Мальчишки развернулись на сто восемьдесят градусов и бегом помчались вниз по склону горы, неподалеку от которой проходила автодорога. Когда они выбежали на нее, то увидели в отдалении стайку ребят, с которыми они пришли сюда. Пока не дошли до них, два друга спорили о том, как лучше им поступить. Дома с матерями советоваться было бесполезно, отшлепали бы и заперли в комнатах и несколько дней не выпускали на улицу. Поэтому друзья решили посоветоваться с отставным майором, демобилизованным из армии по состоянию здоровья – после тяжелого ранения в грудь и госпиталя он вернулся в Пятигорск, на их улицу. И с ним они часто разговаривали о войне и мире, о его боевых делах и вообще о жизни. Советовались, когда нужно. Так как считали его своим другом и доверяли ему. Ведь это был не человек, а могила – никогда секретов не выдавал.

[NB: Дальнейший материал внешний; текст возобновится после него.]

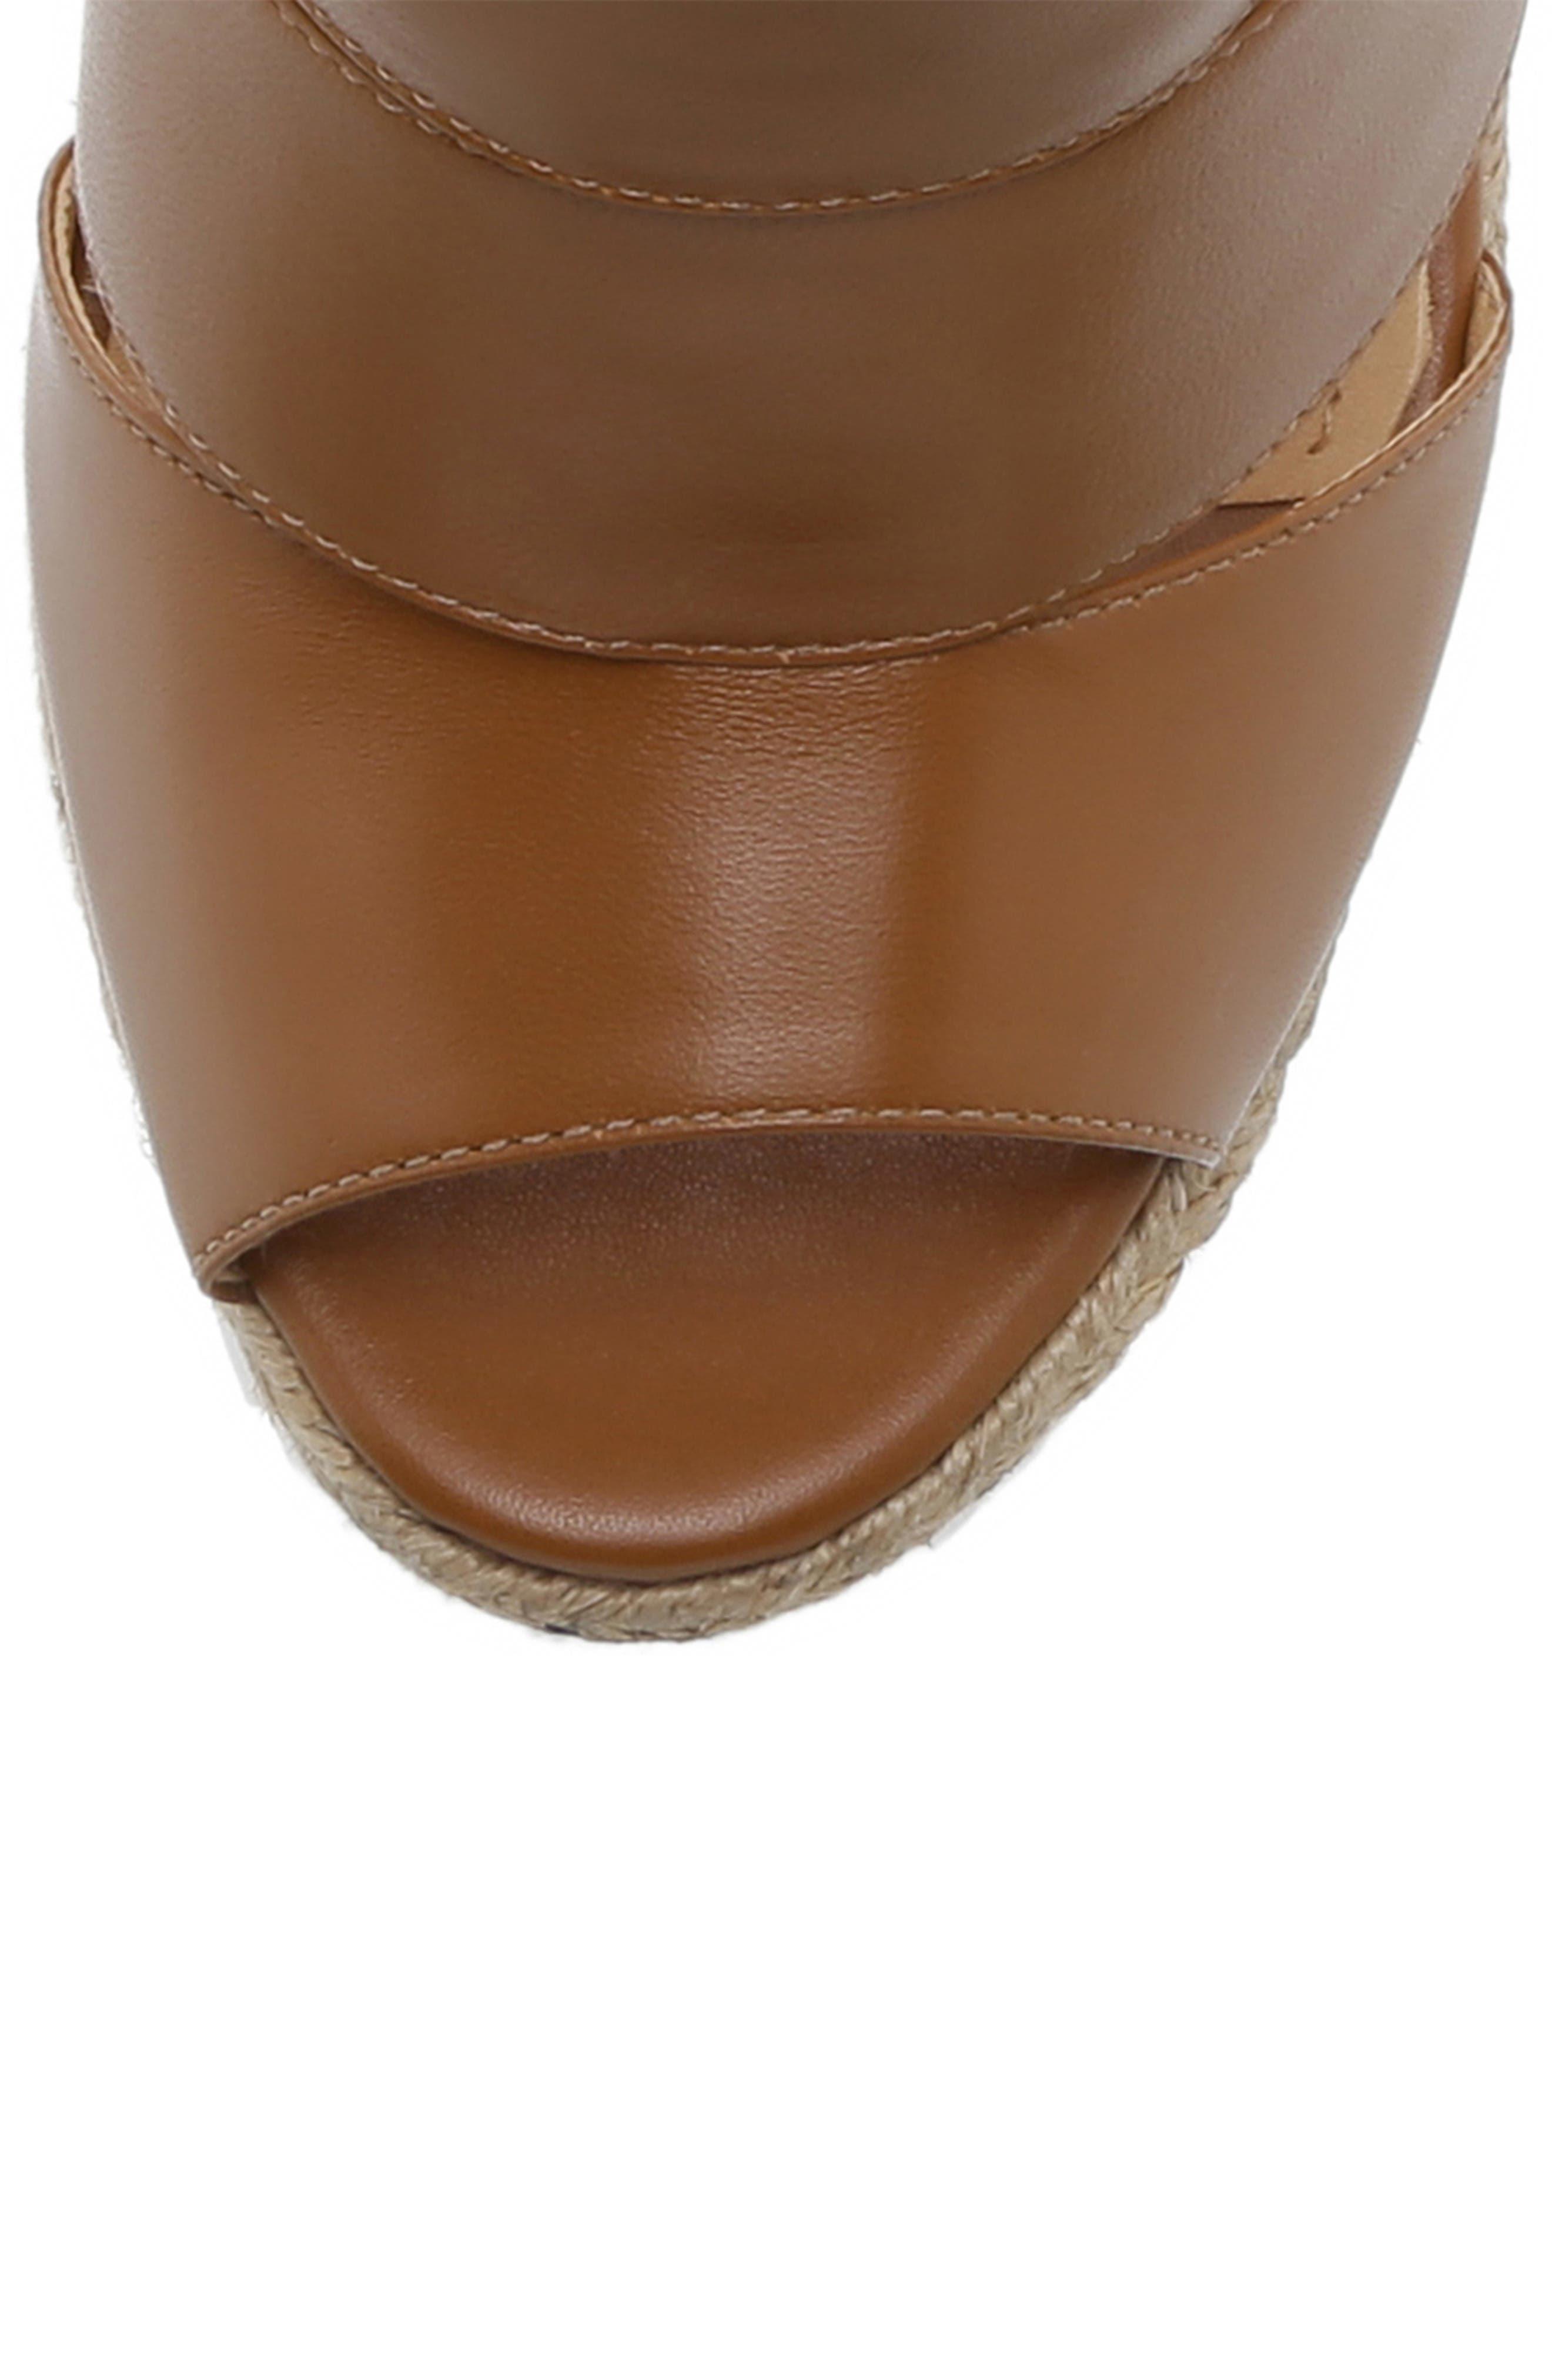 Ilione Platform Wedge Sandal,                             Alternate thumbnail 5, color,                             WOOD LEATHER

И матерям о «подвигах» мальчишек ничего не рассказывал.
– Серьезное дело! – Покачал головой Семен Ильич, когда мальчишки рассказали ему о том, что в горах наткнулись на раненых бандитов и что те попросили их принести еды и бинтов. – Тут сгоряча нельзя поступать, нужно подумать. Чтобы и бандитов обезвредить, и вам не навредить. А то придут милиционеры или бойцы в горы, не найдут бандитов, а себя обнаружат и вас подставят. Давайте я тоже со своим знакомым в милиции посоветуюсь. А потом решим, как лучше поступить. Если вы, конечно, разрешаете!
– Если Вы считаете, что так лучше, то так и делайте! – Не стал возражать Коля. И Володя одобрил намерение майора.
– Только не тяните с этим, дядя Семен! – Попросил он. – А то нам до завтра время дали.
– Понятное дело. Я сегодня же переговорю со своим знакомым, и мы что-нибудь придумаем.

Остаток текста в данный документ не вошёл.